口蹄疫対策費のうち、特別交付税であがなえない部分、この十五億円は、宮崎県のいわゆる預金、財政調整積立金を取り崩さざるを得ないということであります。その結果、財政調整積立金の残高はわずか百十一億円という状況にまで宮崎は今追い込まれております。平成二十三年、では、どうやって予算を組むんだという声が県議会に上がっています。というのは、大体、例年宮崎県は、この基金から百五十億から二百八十億円ぐらい取り崩して予算編成してきたんですよ、これまで。ところが、百十一億円しか残高がないんだから、緊縮財政にするか、財政破綻するんじゃないか、そういう声が宮崎であるということを、大臣には、三役の皆様方には、財務の方もぜひ心にとめていただいて、温かい手を差し伸べていただきたいということでございます。
活動火山対策特別措置法に基づいて、二月の二十五日、避難施設緊急整備地域に指定されました。このことについては、いろいろ意見はありますけれども、私はいいと思っております。ただ、一つ指摘しておきたいのは、これから春、夏にかけて風向きが変わりますので、指定地域は順次見直しをしていただかないと、これは実情に合わなくなります。このことをお願いしておきたいと思います。

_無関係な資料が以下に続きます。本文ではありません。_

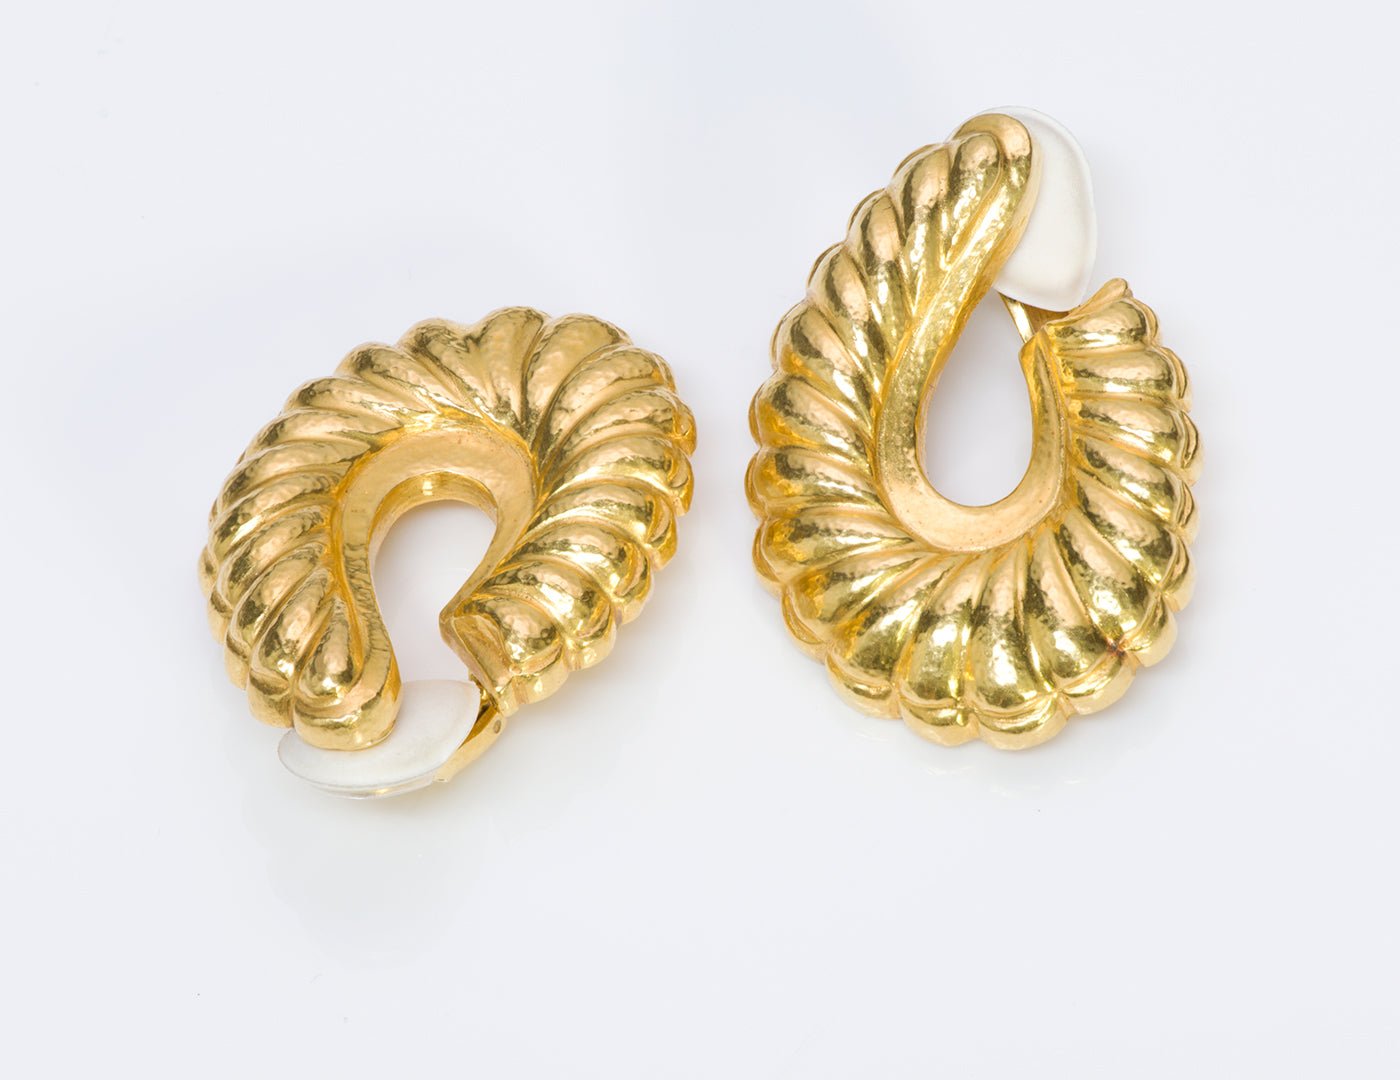 Zolotas Greece 22K Yellow Gold Earrings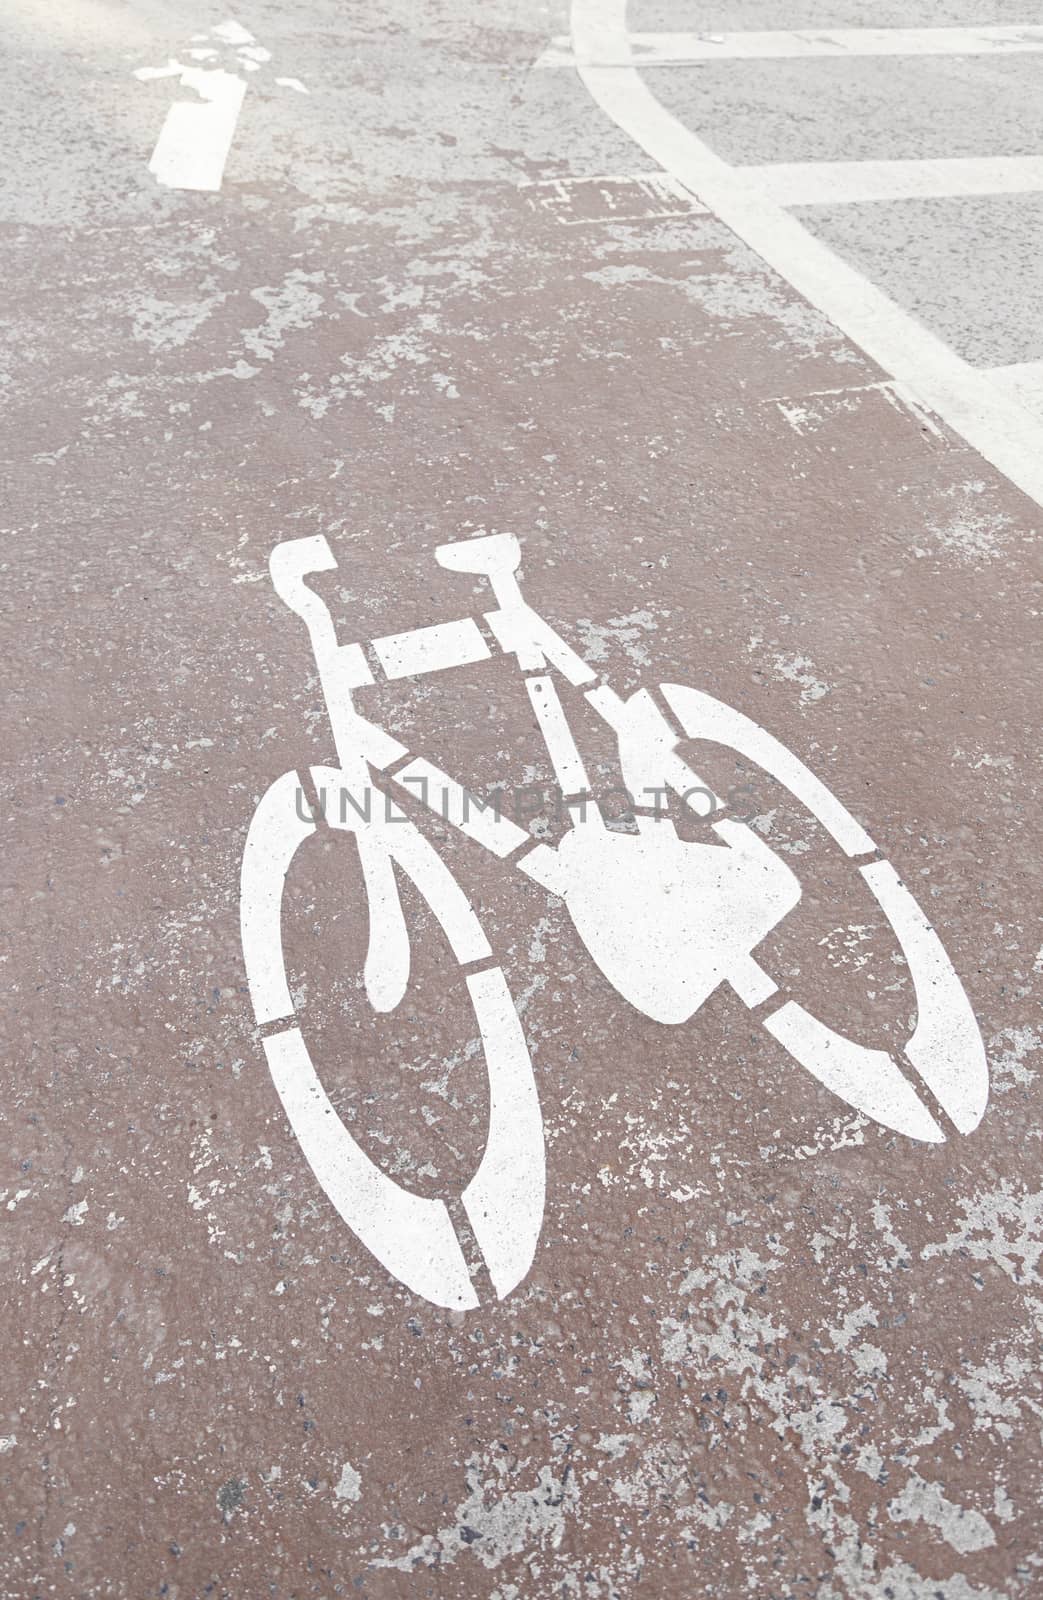 Bicycle sign on asphalt by esebene

そして、農山漁村地域整備交付金、これを活用して……(発言する者あり)いいです、長いんですよ、質問が三十問ぐらいありますから。降灰による農林漁業被害を防ぐための施設の整備、これは二分の一補助、これも大変ありがたいということで感謝を申し上げたいと思いますが、しかし、これは、ブロワーとか高圧洗浄機を新規で、新しい機械を購入する場合については二分の一補助をいたしましょうという事業なんですね、制度設計が。
ところが、地元を歩いてみますと、違うんですよ。おれのところに機械がある、例えば、ポンプをもうちょっと強いものにかえたい、噴射ノズルを少しかえれば洗浄に使える、そういうふうなことについても助成してくれと。私は、ごもっともな御指摘だと思うんですね、ごもっともな。農家にしてみれば、新しい金を出して二分の一補助でも、大金を払わなきゃならない。改造ならちょっとで済む。もし、改造費の二分の一を国が見てくれれば、農家負担はぐっと減るし、国の支出も減るわけですよ。これは、大臣、ぜひ御検討をいただきたい。ですから、この両事業、今紹介をしましたけれども、部品の購入、改造、そういったことについても柔軟に幅広くその補助の対象とすべきだと私は考えますが、大臣のお考えをお聞かせください。